Збигнев Сафьян - Ничейная земля
В тот свой приезд он привез из Кракова в Варшаву экземпляр написанной Юзефом Катерлей драмы «Роза»[48] и, прежде чем отдать книгу Вихуре, сам прочел ее несколько раз, потом постоянно в мыслях возвращался к ней со все усиливающейся горечью. Выходит, ждать только чуда? Выходит, нужно чудо, чтобы человек по фамилии Траугутт, человек по фамилии Монтвилл[49]… Во сне, лежа на деревянной лавке вагона, в тесноте и в зловонии, он снова переживал эту сцену, которая давала выход его ненависти и жажде мщения. Вот он сам, как Чаровиц, грознее Чаровица, стоит на пулавском плато. «Блеснула молния (он знал эти слова наизусть), огненная коса хлестнула раз, второй, третий, ударила справа и слева по собравшимся войскам. ‹…› Валятся шеренги сожженных трупов. Батальоны людей с пустыми глазницами, полки… разбегаются во все стороны с отчаянными воплями». И предсмертный крик Чаровица: „Его ждут немцы! Немцы! Немцы!“»
Нет, этого не будет.
Они шли втроем по отвоцким пескам, он, Вихура и Роберт, который потом погиб в первой же стычке их легиона. Солнце заглядывало им в глаза, они молчали, пока наконец не дошли до лесной сторожки, сели на лавку у стола, сбитого из неструганых досок, и пили холодную простоквашу, принесенную из погреба. Вот тогда-то Вацлав и сказал Вихуре об отчаянии, которое не дает ему покоя, и спросил, как он относится к «Розе». И запомнил ответ Старика, который, казалось, ничего не понял. «Видишь ли, дело в том, какой станет Польша. Нужно в будущее смотреть». И сам же процитировал «Розу»: «И снова панские набеги на русских и литовских крестьян, и снова насилие над Жмудью и евреями?»

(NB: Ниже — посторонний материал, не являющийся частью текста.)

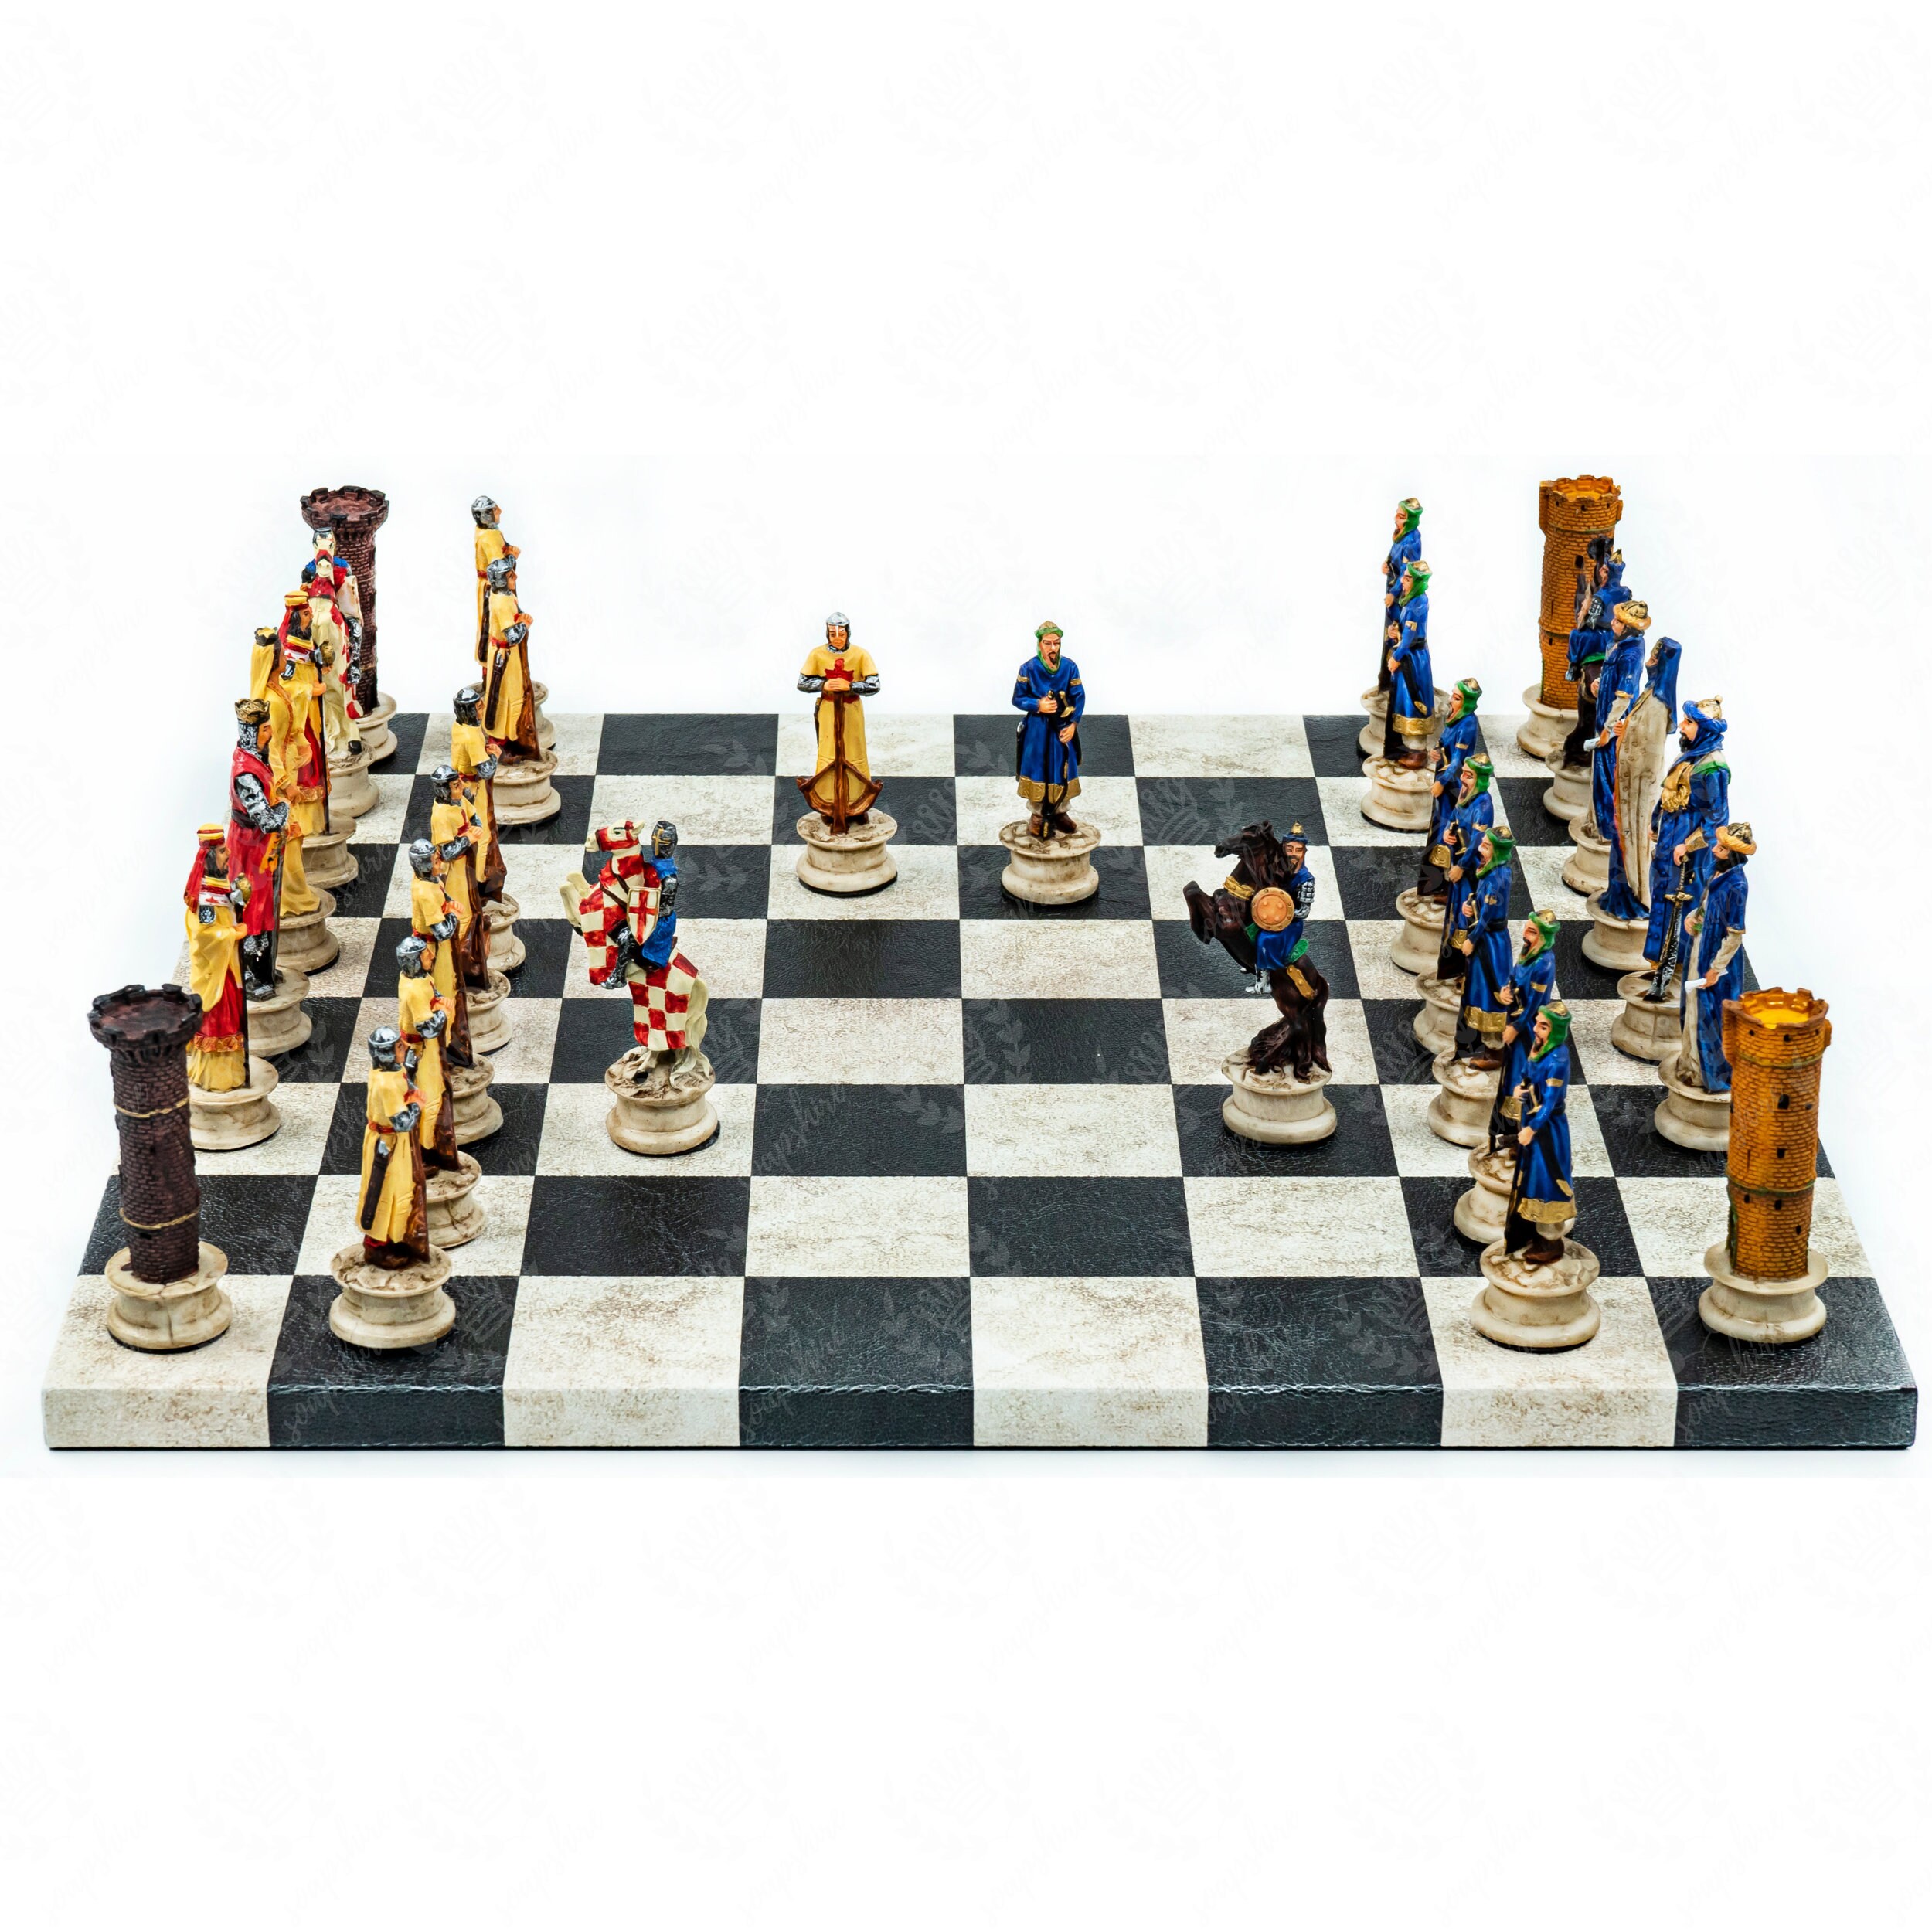 Crusaders Chess Set with board 36cm 14 Handpainted

Если так, то остается только ждать чудесного оружия Чаровица. Ибо нужно искать союзников в русской революции, в революции немецкой, в свержении монархий, в народно-освободительном движении на Украине и в Белоруссии…
Уже в то время Вихура не понимал главной мысли Коменданта. Так зачем же Вацлав Ян идет к нему сейчас, чего ищет, на что рассчитывает после стольких лет, каких слов ждет, какая надежда ему нужна?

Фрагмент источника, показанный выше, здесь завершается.